A while back I wrote about the “Forgotten Metric.” I talked about how so few companies measure forecasting accuracy and why that is a mistake. In this post, I’m going to talk about another missed metric. It’s the average deal size. In all my years of selling I’ve never worked for a company, nor consulted with a company that measured the average deal size AND managed its sales people to it. It baffles me. The average deal size is a KILLER way to determine the value of your sales people and the effectiveness of the sales team. It gives you insight into a number of important metrics including:
- How well a sales person can preserve pricing integrity. In other words, do they cave on pricing or do they have a backbone?
- How well a sales person upsells or bundles additional products and services.
- Which sales people are the most efficient with company time and resources.

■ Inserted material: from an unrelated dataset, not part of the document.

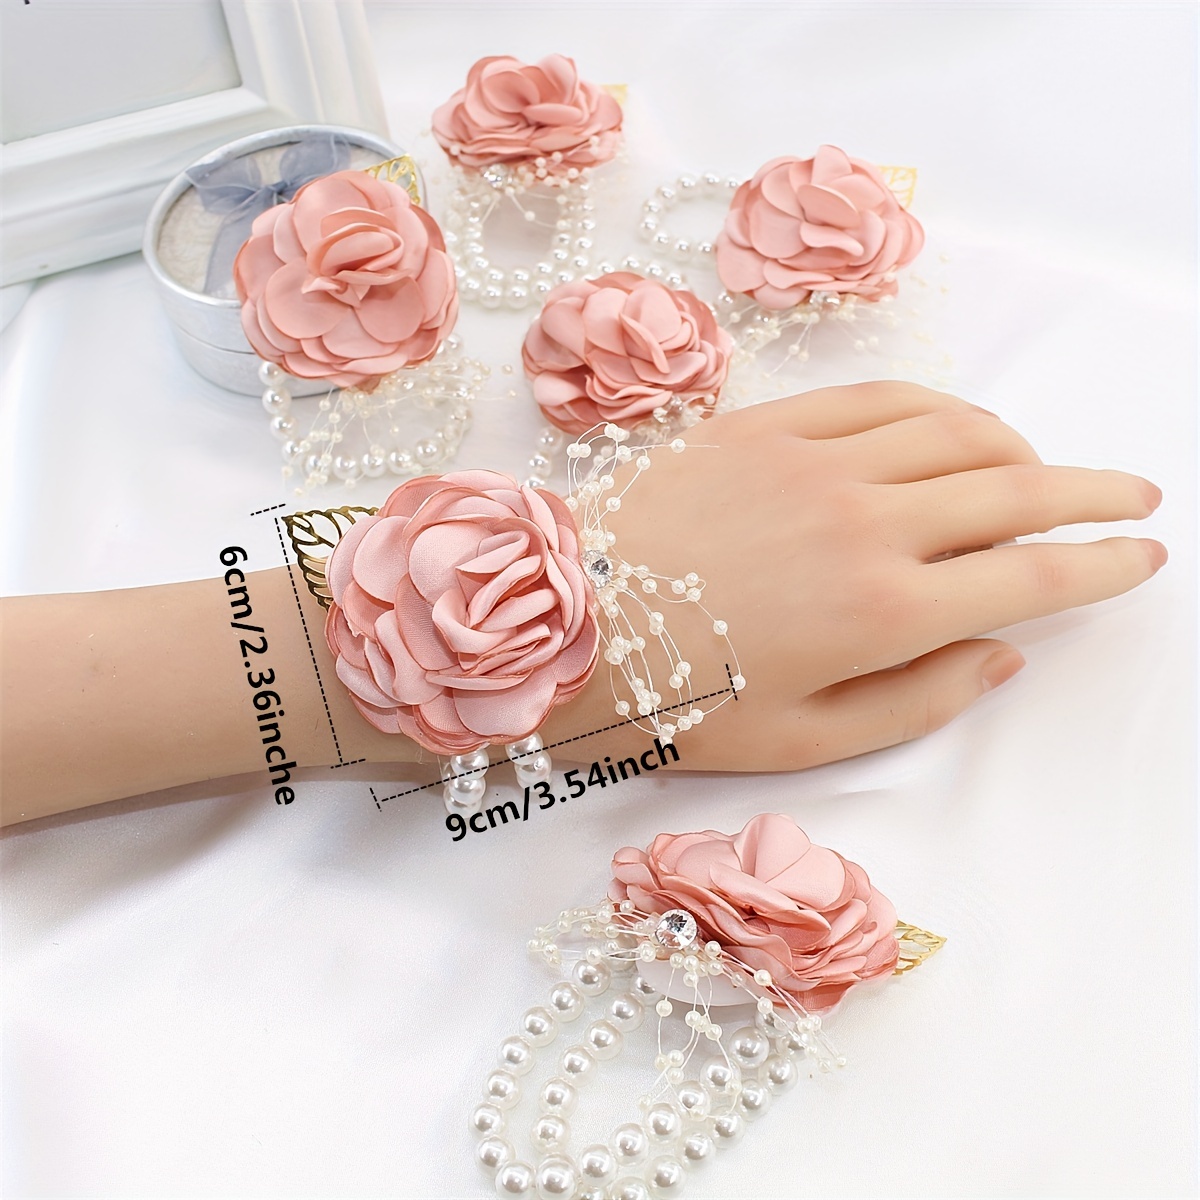 Gold Artificial Flowers Bridesmaid Artificial Silk Rose Ivory Wrist Corsage  Bracelet For Wedding Dancing Party Decor Sisters Handmade Flower From  Meiqizaoxi, $7.26

Knowing your average deal size by rep let’s you see who your most efficient sales people are. Deals take a long time to close. Therefore you want to get the most out of every deal. The rep who closes 15 million in 15 deals is far more efficient than the person who closes 17 million in 25 deals. The person selling 17 million is working a lot harder and using more company resources to get that 17 million.
Sales people are expensive. Getting the most out of them is critical. When the average deal size goes up, your cost of sales goes down and that’s a good thing.
Do you measure the productivity of your reps? Do you know which of your reps gets the most out of every deal? You should.
Average deal size, an ignored metric.